# Mapmaking Discussion & Philosophy (WIP/Critique) > General and Miscellaneous Mapping >  First Photoshop Map Ever [WIP]

## Redleg

So after hand drawing maps for a long time I wanted to see what digital cartography was all about. Its definitely challenging. Hats off to all of you out there! This is mostly a test map that I did while following along to a tutorial. Took about 3 hours (Messed up borders a few times, and some other stuff), but I had a blast learning how to use Photoshop. I am currently creating a universe (In the LORE phase now) so I may actually use this continent at some point. Let me know what you guys think. I held off on names and whatnot for now because I wanted to take my time with it. Printed out the map and will jot notes on it for names, and histories so it makes sense. Any feedback is welcome! Thanks again, this is a great community!

----------


## Dowly

I really like how you have placed your rivers, they make sense in how they flow through the low ground instead of through mountains for example.

Is that by any chance a Dwarf Fortress map you have used as a base? The two lakes up north with rivers flowing through are very familiar features of DF maps.
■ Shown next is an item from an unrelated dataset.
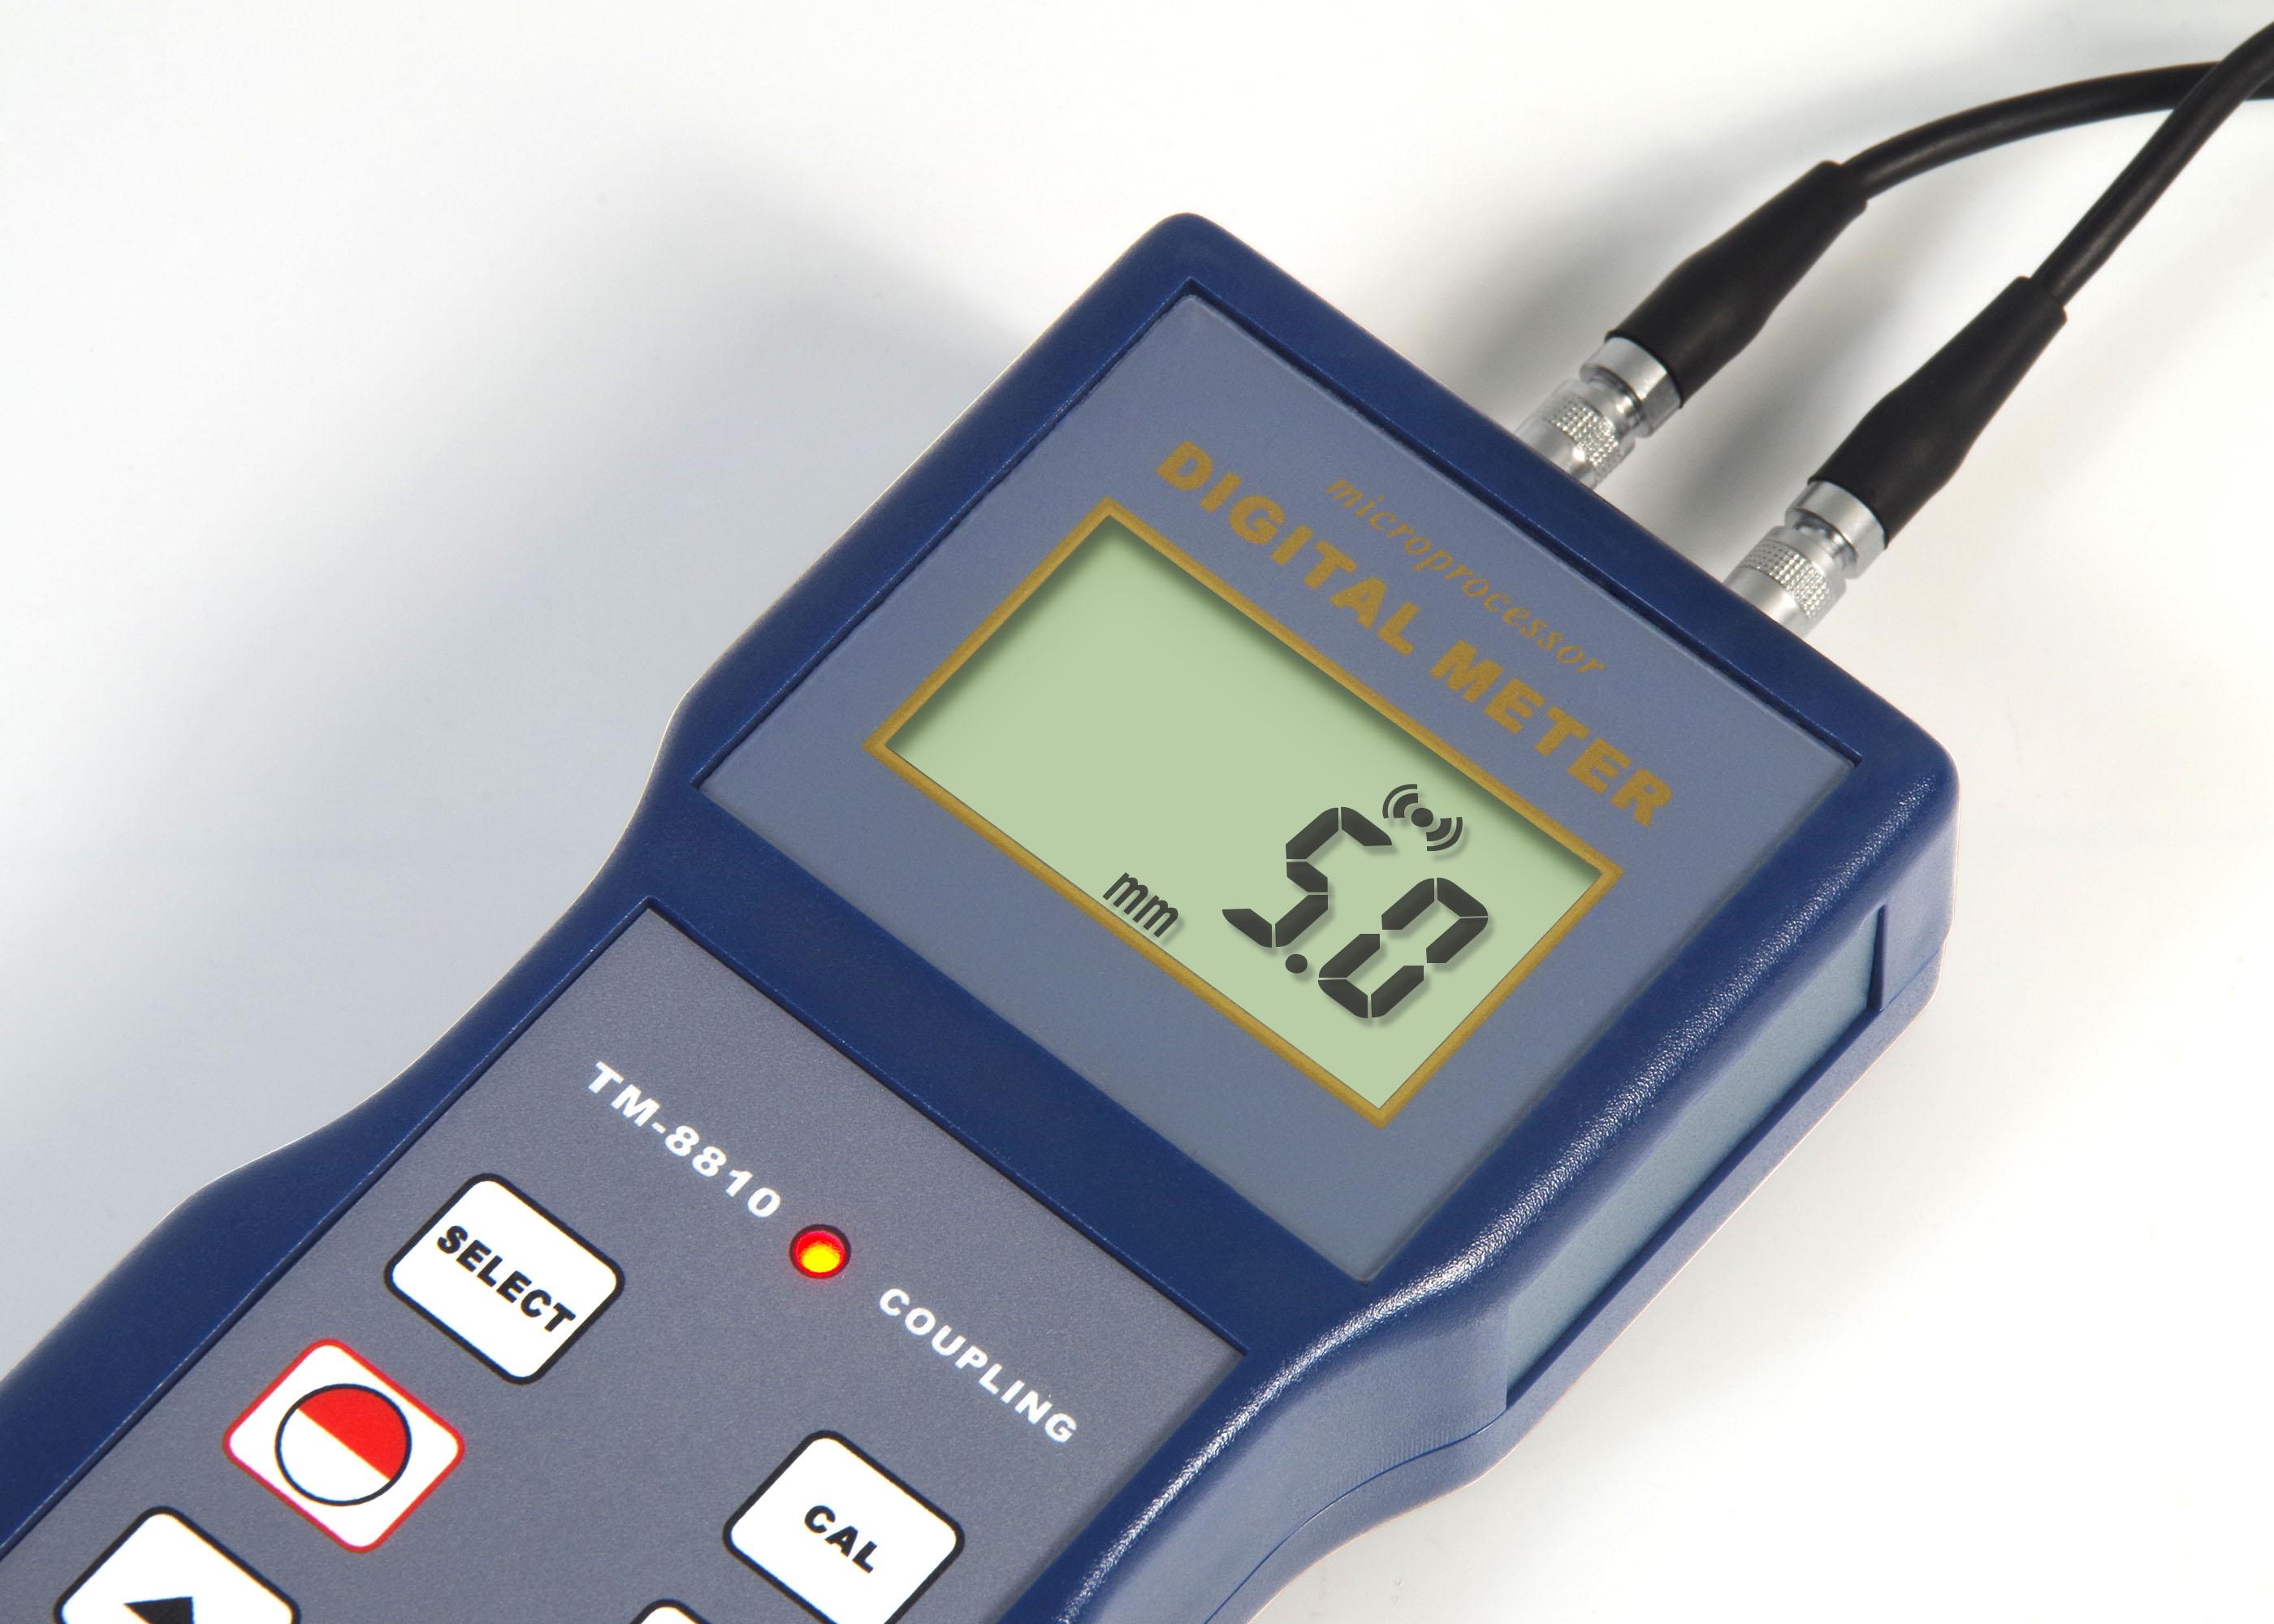 LANDTEK Ultrasonic Thickness Gauge Measure Thickness & Corrosion 1.2 - 200mm TM8810

Btw, if you are more familiar with hand drawn maps, maybe you should think about getting a drawing tablet (if you dont have one already).
Many of the Wacom tablets are pretty cheap.  :Smile:

----------


## Redleg

I actually have never seen anything from Dwarf Fortress. I am partial to the hand drawn appearance of maps and have since picked up a cheap tablet for about $30 (Originally $80). Its been great, but definitely takes some getting used to. I instinctively want to look down at the tablet when drawing instead of my monitor. I plan on starting either a sketch style, or an ancient style map soon since thats more of my taste. Especially for the world I am currently working on.

----------